THE DATA:
......
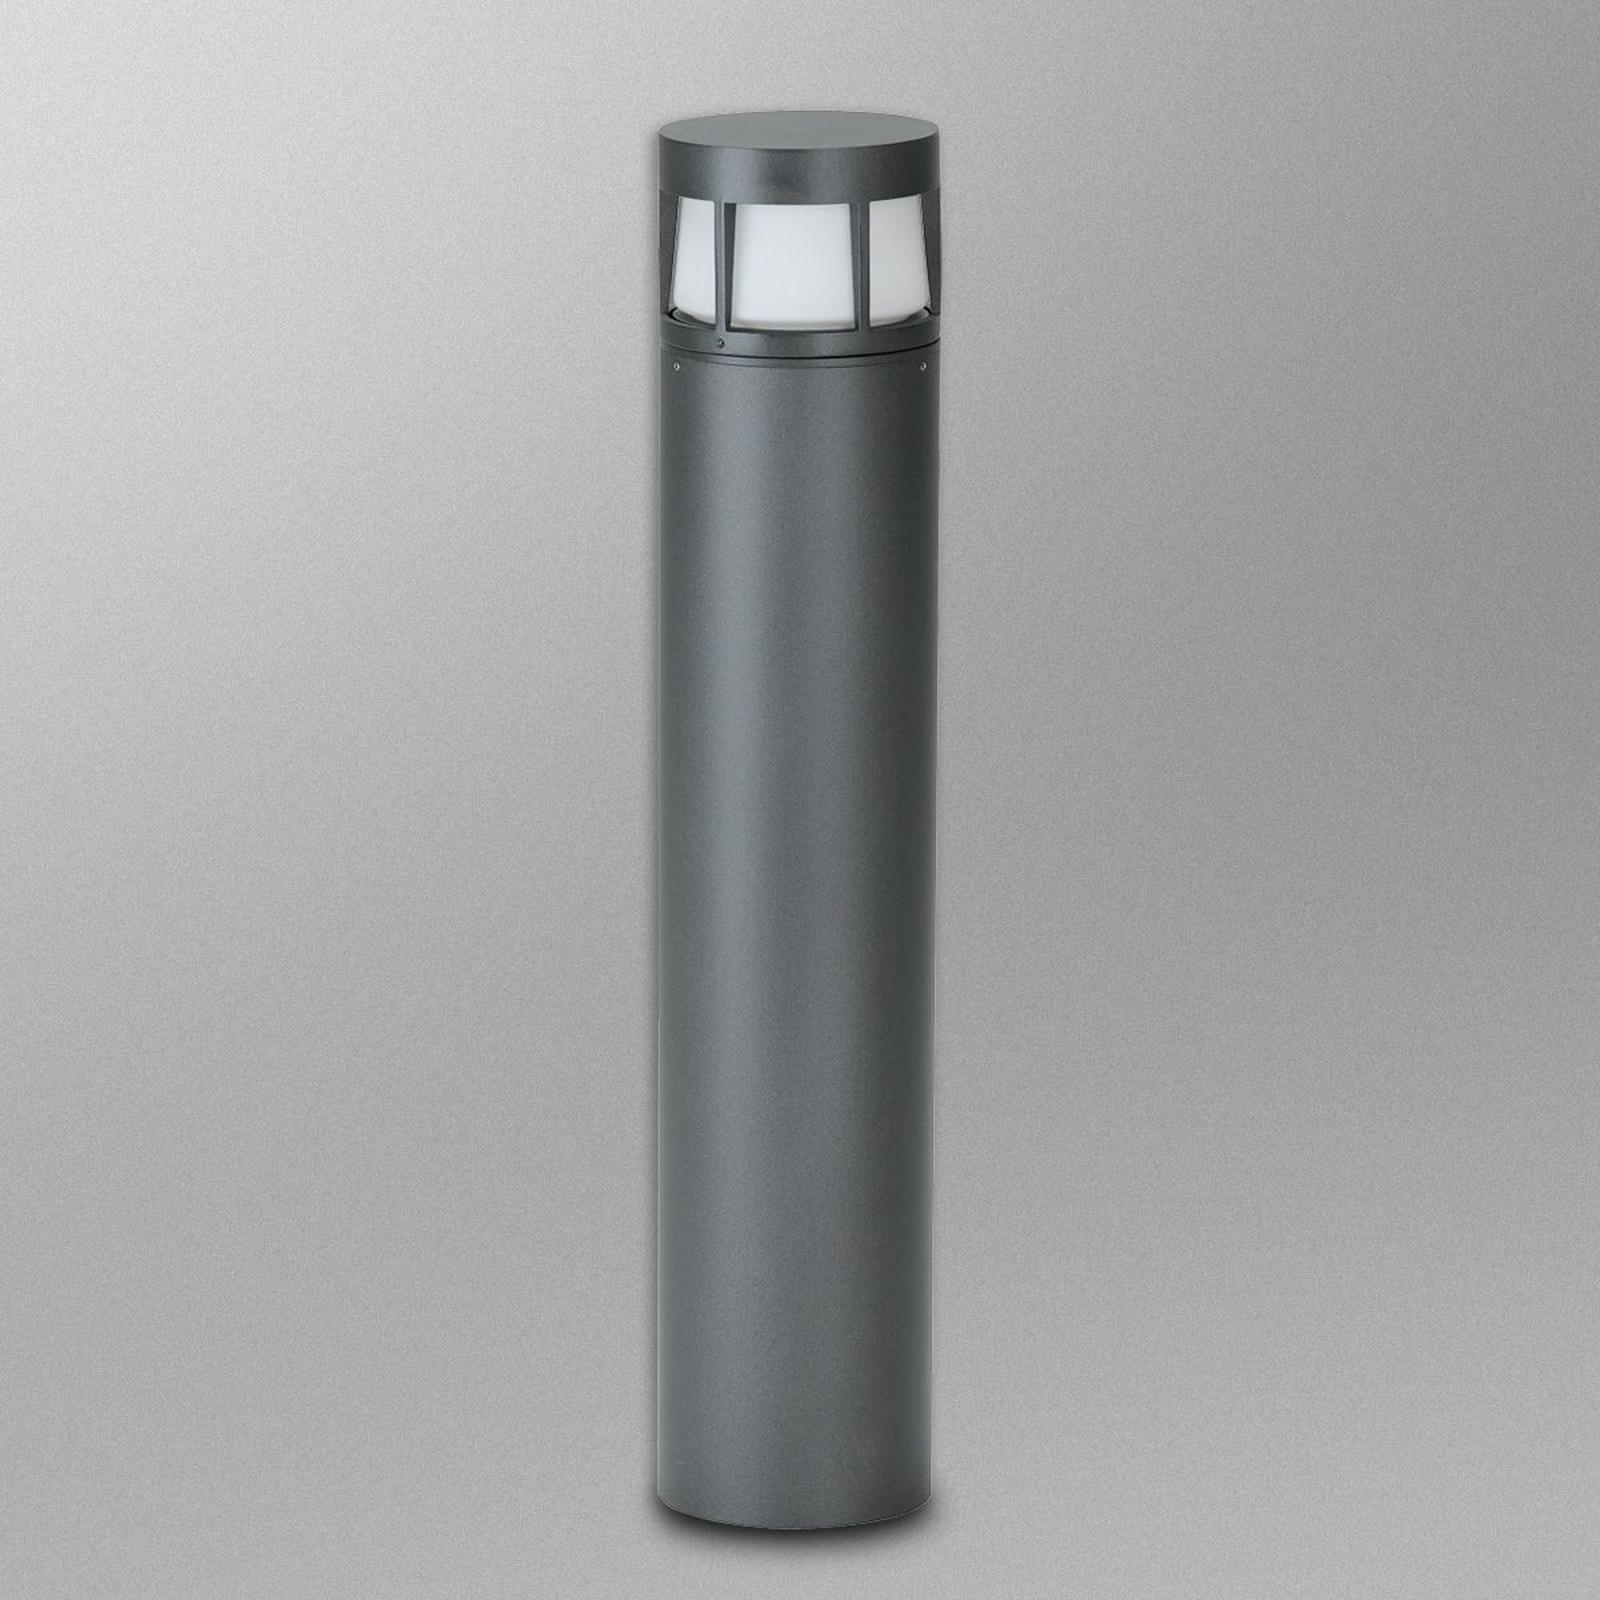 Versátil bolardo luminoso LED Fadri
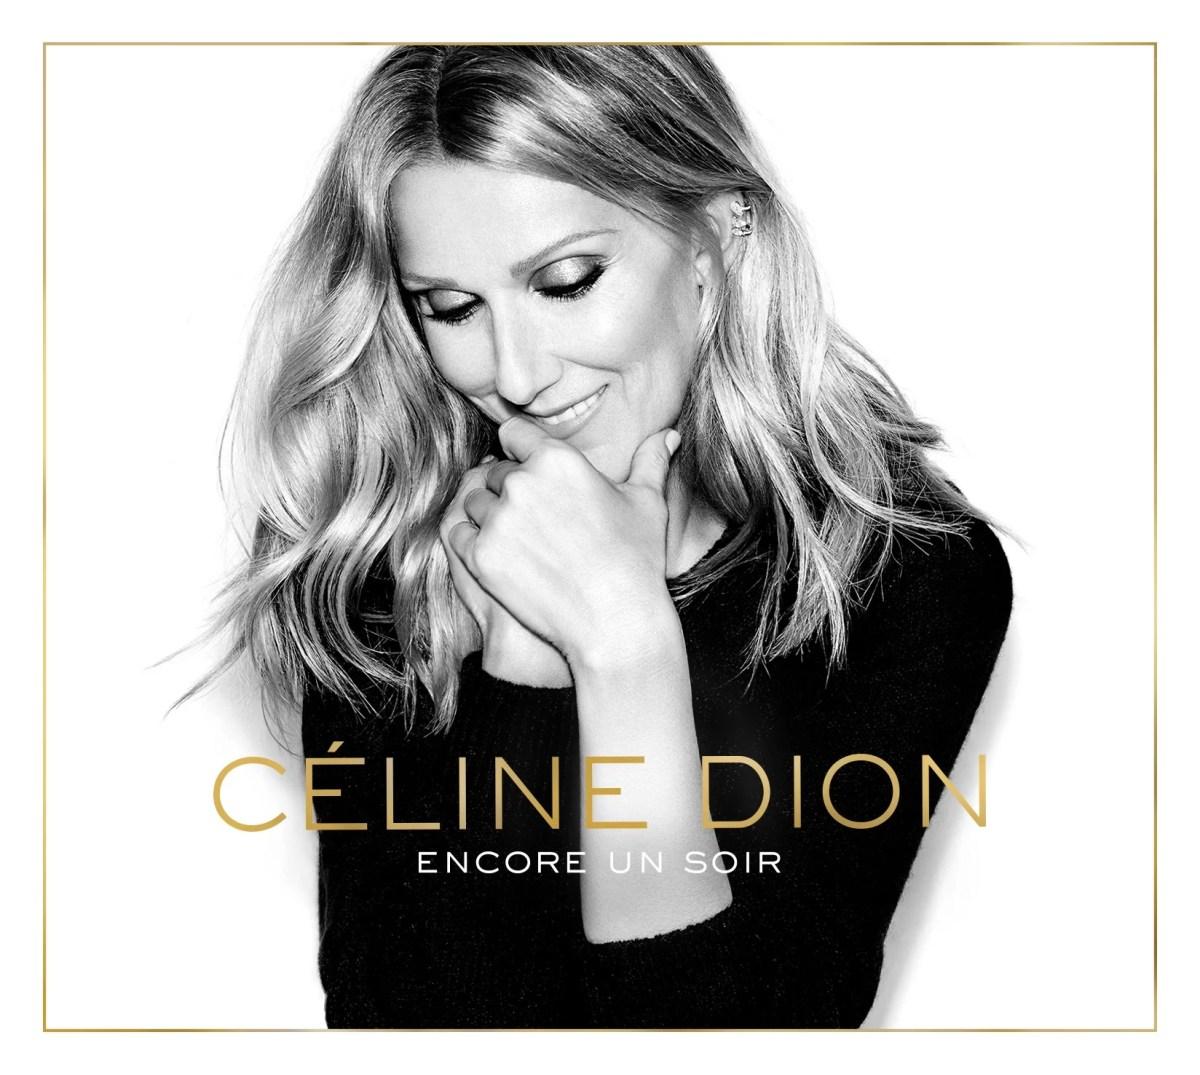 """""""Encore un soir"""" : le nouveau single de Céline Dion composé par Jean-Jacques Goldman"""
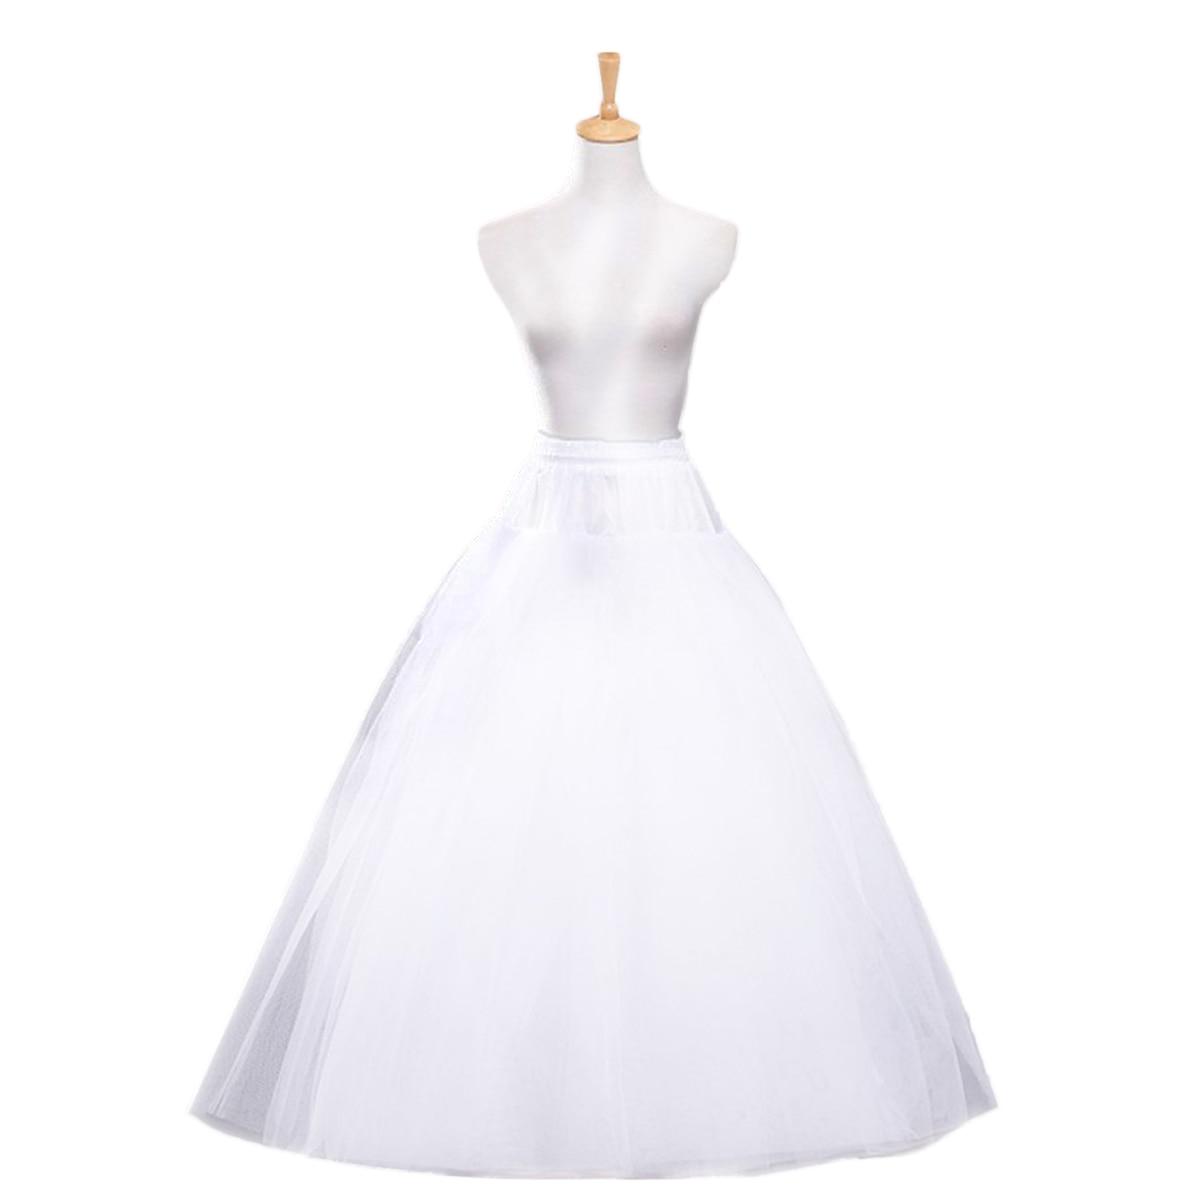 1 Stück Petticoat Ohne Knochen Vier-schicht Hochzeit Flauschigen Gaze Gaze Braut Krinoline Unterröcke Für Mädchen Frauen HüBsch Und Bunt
......
YOUR INSTRUCTIONS:
Only the pictures are to be left out; write out all the other data exactly.

SOLUTION TO THIS PROBLEM:
 Versátil bolardo luminoso LED Fadri
 """""""Encore un soir"""" : le nouveau single de Céline Dion composé par Jean-Jacques Goldman"""
 1 Stück Petticoat Ohne Knochen Vier-schicht Hochzeit Flauschigen Gaze Gaze Braut Krinoline Unterröcke Für Mädchen Frauen HüBsch Und Bunt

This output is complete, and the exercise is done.